Data below>
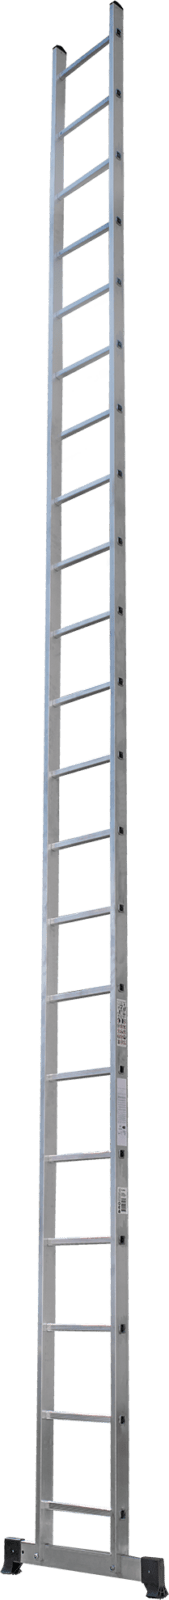 Лестница алюминиевая приставная NV1210 артикул 1210121
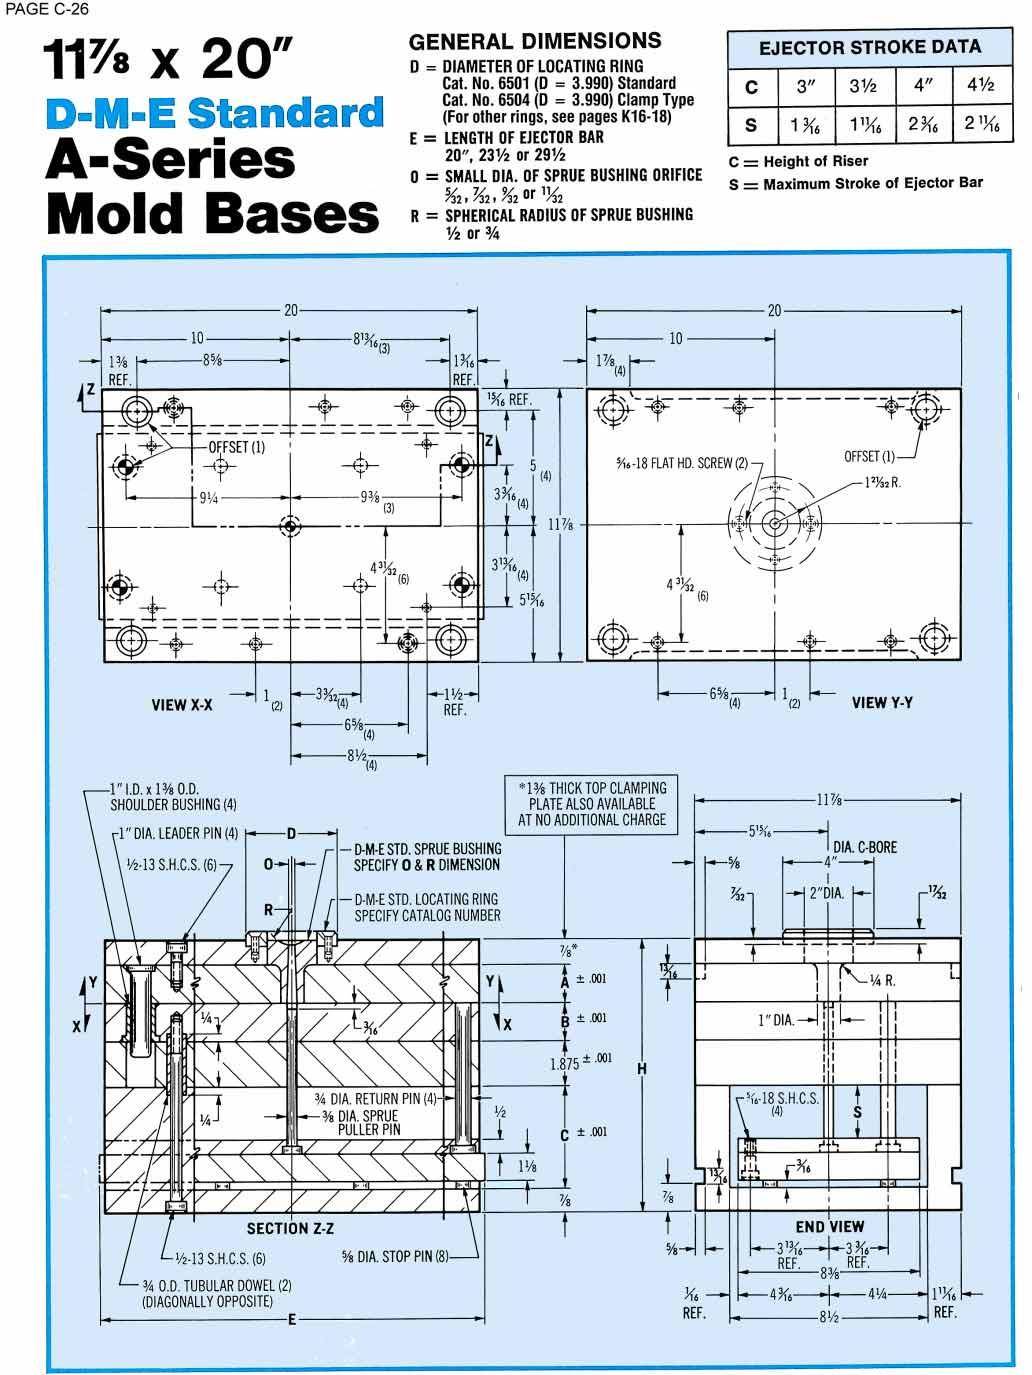 DME A series mold base 1220A
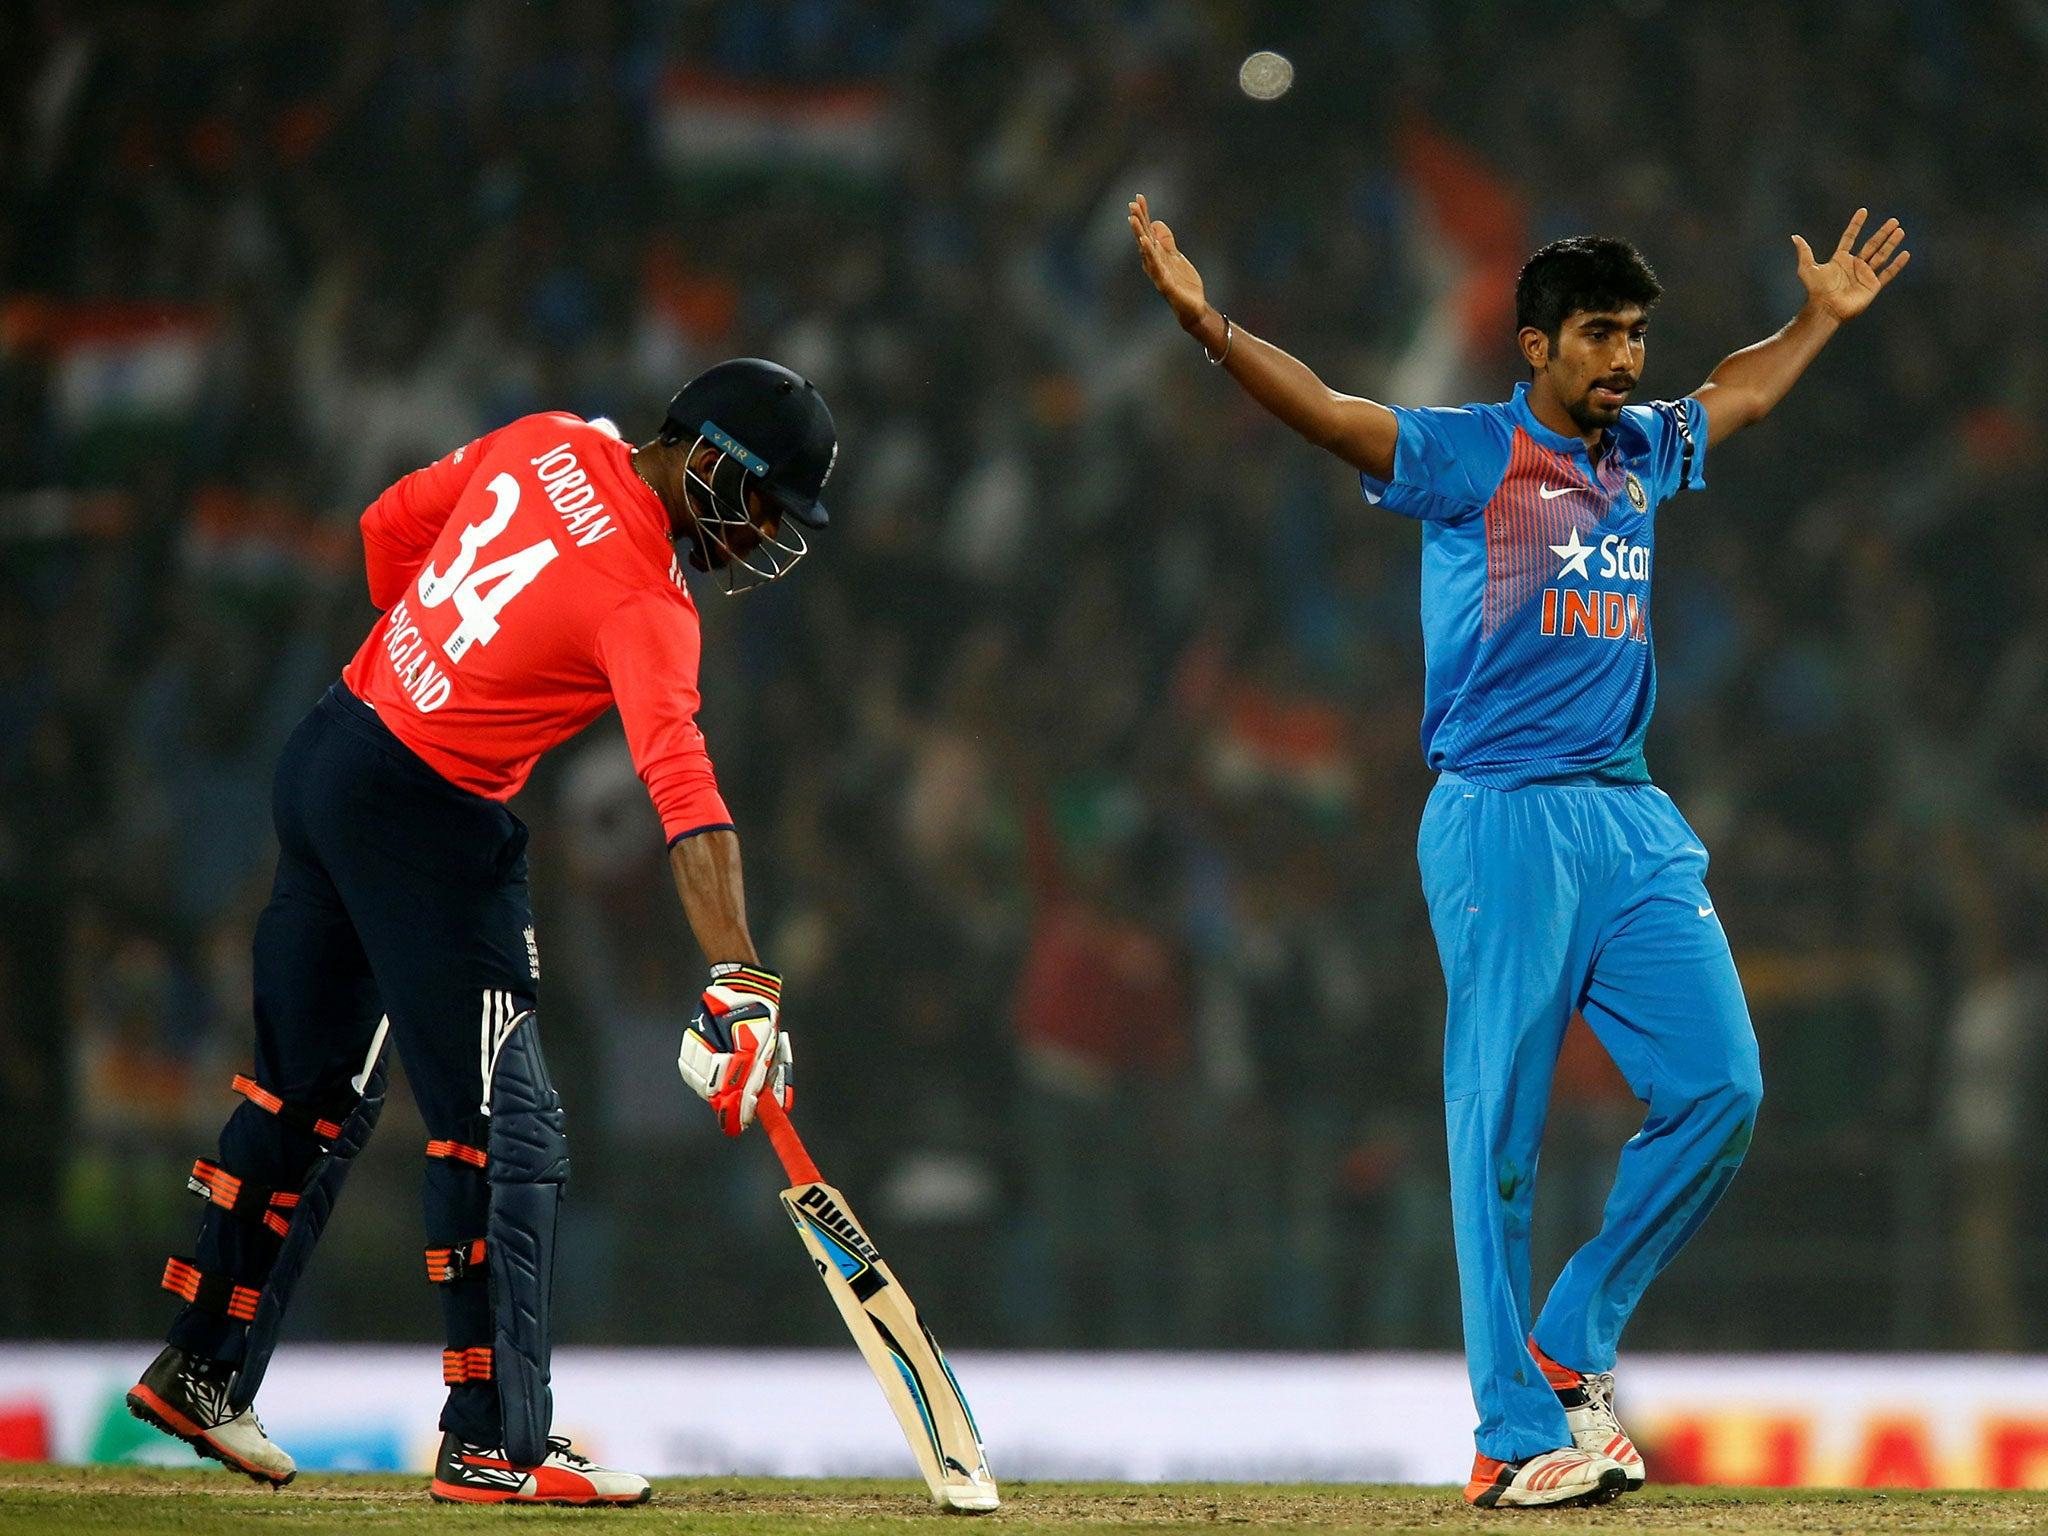 Jasprit Bumrah denies England at the death as India level Twenty20
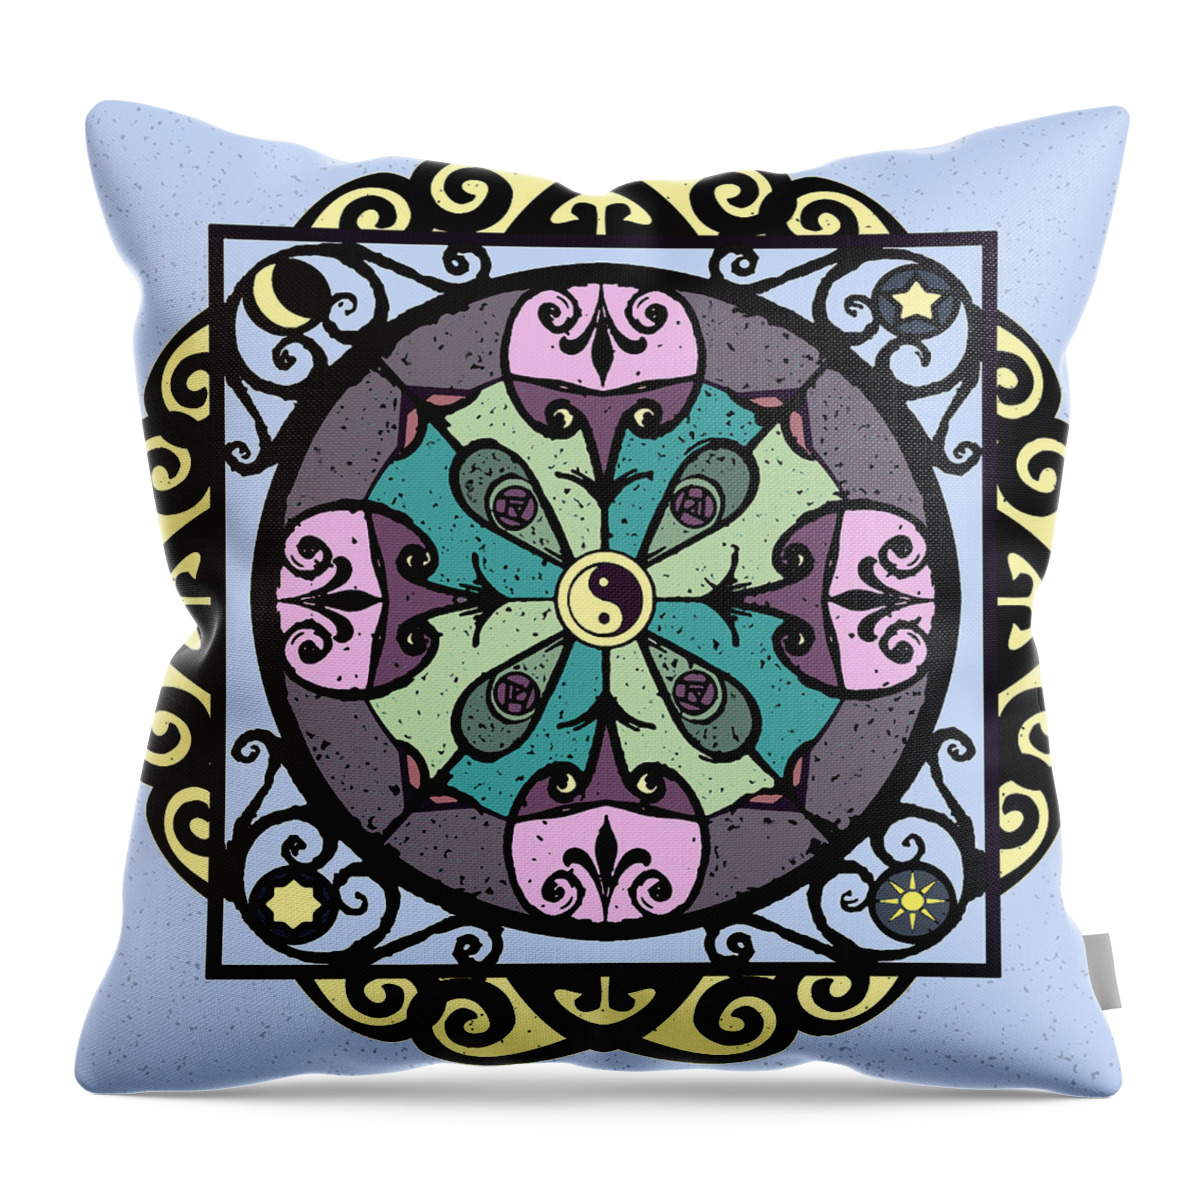 Mandala Throw Pillow featuring the digital art Garden Gate Mandala by Deborah Smith

Work order> Please print the listing above again word for word, without its pictures.

Completed exercise>
 Лестница алюминиевая приставная NV1210 артикул 1210121
 DME A series mold base 1220A
 Jasprit Bumrah denies England at the death as India level Twenty20
 Mandala Throw Pillow featuring the digital art Garden Gate Mandala by Deborah Smith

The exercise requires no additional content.